While the above specification teaches the preferred embodiments with a certain degree of particularity, there is shown in the drawings and will herein be described in detail a presently preferred embodiment with the understanding that the present disclosure is to be considered as an exemplification of the principles of the invention and is not intended to limit the invention to the specific embodiment illustrated. Various alterations and modifications will no doubt become apparent to those skilled in the art after having read the above description. Therefore, the appended claims should be construed to cover all such variations and modifications as fall within the true spirit and scope of the invention. Any and all equivalent ranges and contents within the scope of the claims should be considered to be within the intent and scope of the present invention.

Claims

1. A method of DNA sequence assembly comprising:

establishing a directed graph of the DNA fragment, constructing an ixime Hamiltonian according to the directed graph, and reproducing the complete sequence of the whole DNA by the annealing evolution result of the ixime Hamiltonian.

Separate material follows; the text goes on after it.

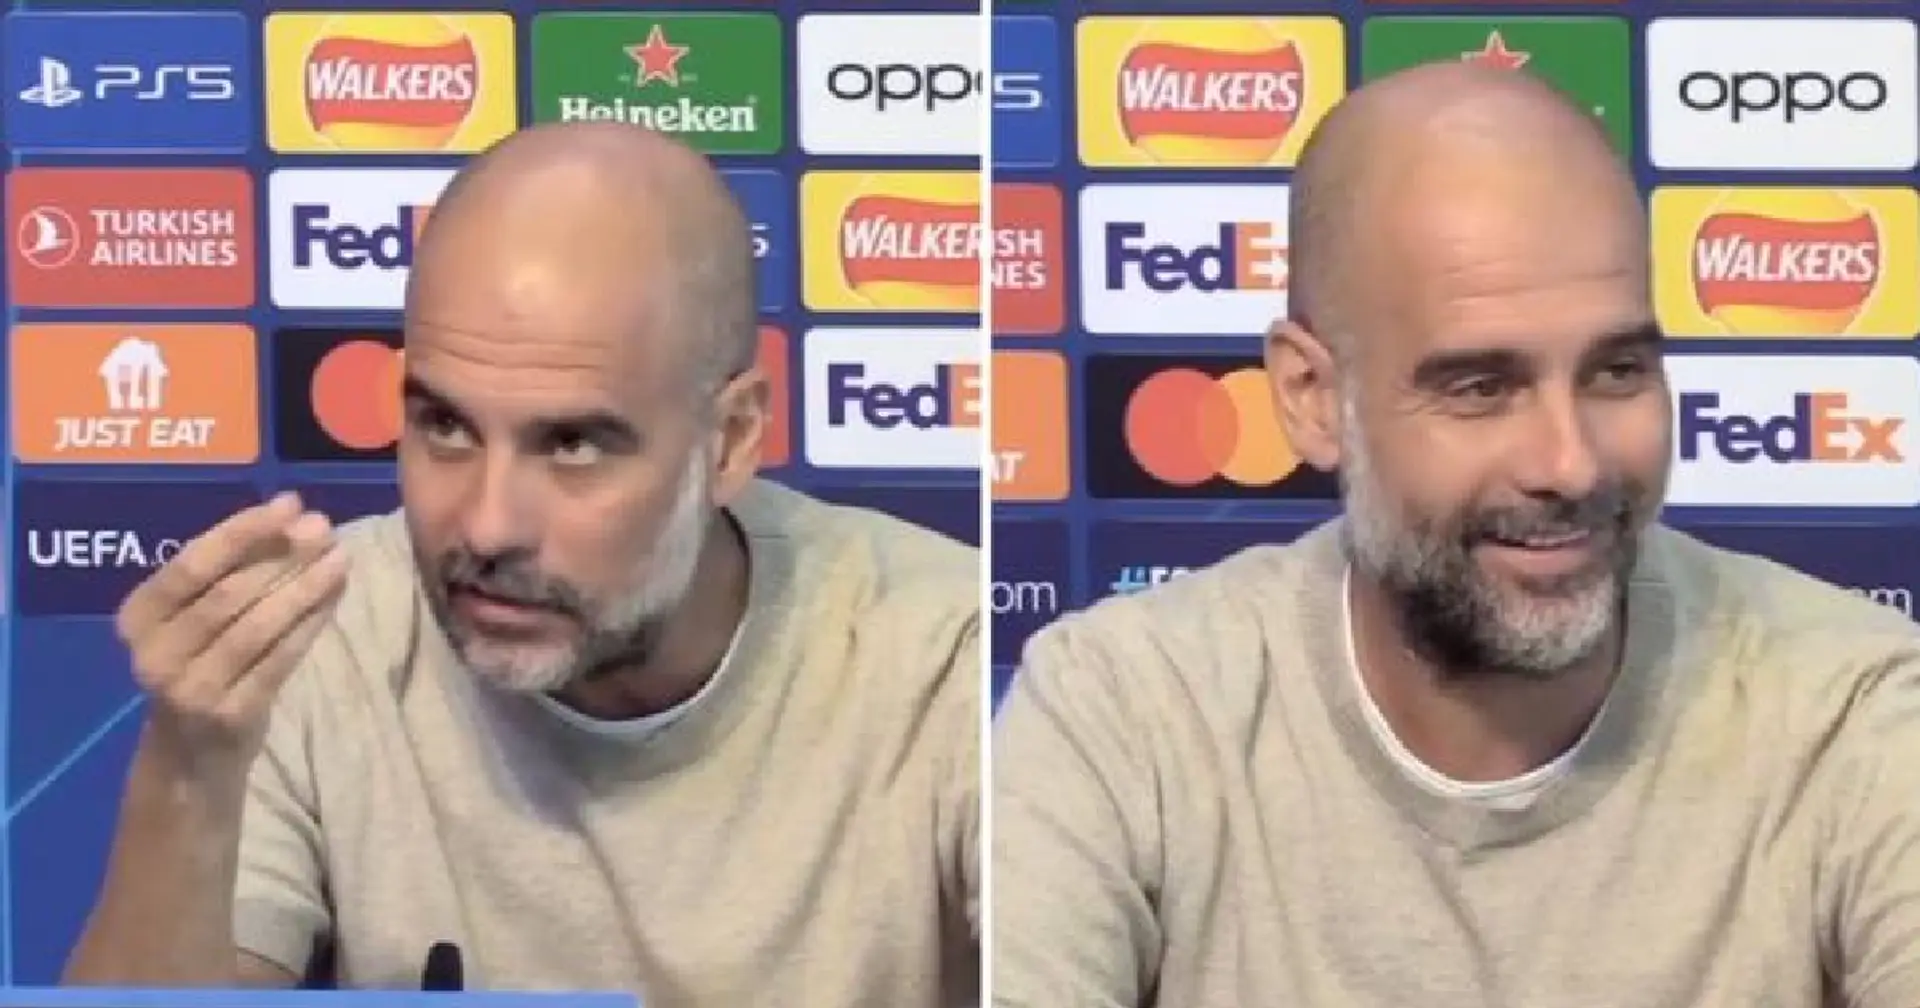 Pep Guardiola's first reaction when asked about Man United's poor start to the season

2. The method of claim 1, wherein:

3. The method of claim 2, wherein:

4. The method of claim 3, wherein:

5. The method of claim 4, wherein:

6. The method of claim 4, wherein:

and annealing the quantity of the IshHamilton is used for searching a path with the minimum sum of weight values in the directed graph, and the corresponding DNA fragments are arranged according to the sequence of the minimum path so as to completely reproduce the nucleotide sequence structure of the DNA.

7. The method of claim 6, wherein:

8. A method of DNA sequence assembly comprising:

constructing an Eicot Hamilton quantity from the directed graph, which is used in annealing to find a path in the directed graph where the sum of the weight values is the smallest, and DNA fragments are arranged in the order of the smallest path to reproduce the nucleotide sequence structure of DNA.

9. The method of claim 8, wherein:

10. A method of DNA sequence assembly comprising the steps of:

s1, constructing a directed graph of the DNA fragments;

s2, constructing an Exin Hamiltonian according to the directed graph;

and S4, reproducing the complete sequence of the whole DNA according to the quantum annealing evolution result.

11. The method according to claim 10, wherein step S1 includes:

copying a plurality of copies of DNA to be sequenced;

breaking each piece of DNA into a plurality of DNA fragments at random positions;

selecting a fragment with a length suitable for direct sequencing from the DNA fragments, and carrying out nucleotide sequencing;

taking a DNA fragment with completed nucleotide sequencing as a node in the graph;

each pair of ordered node pairs is assigned a directed edge.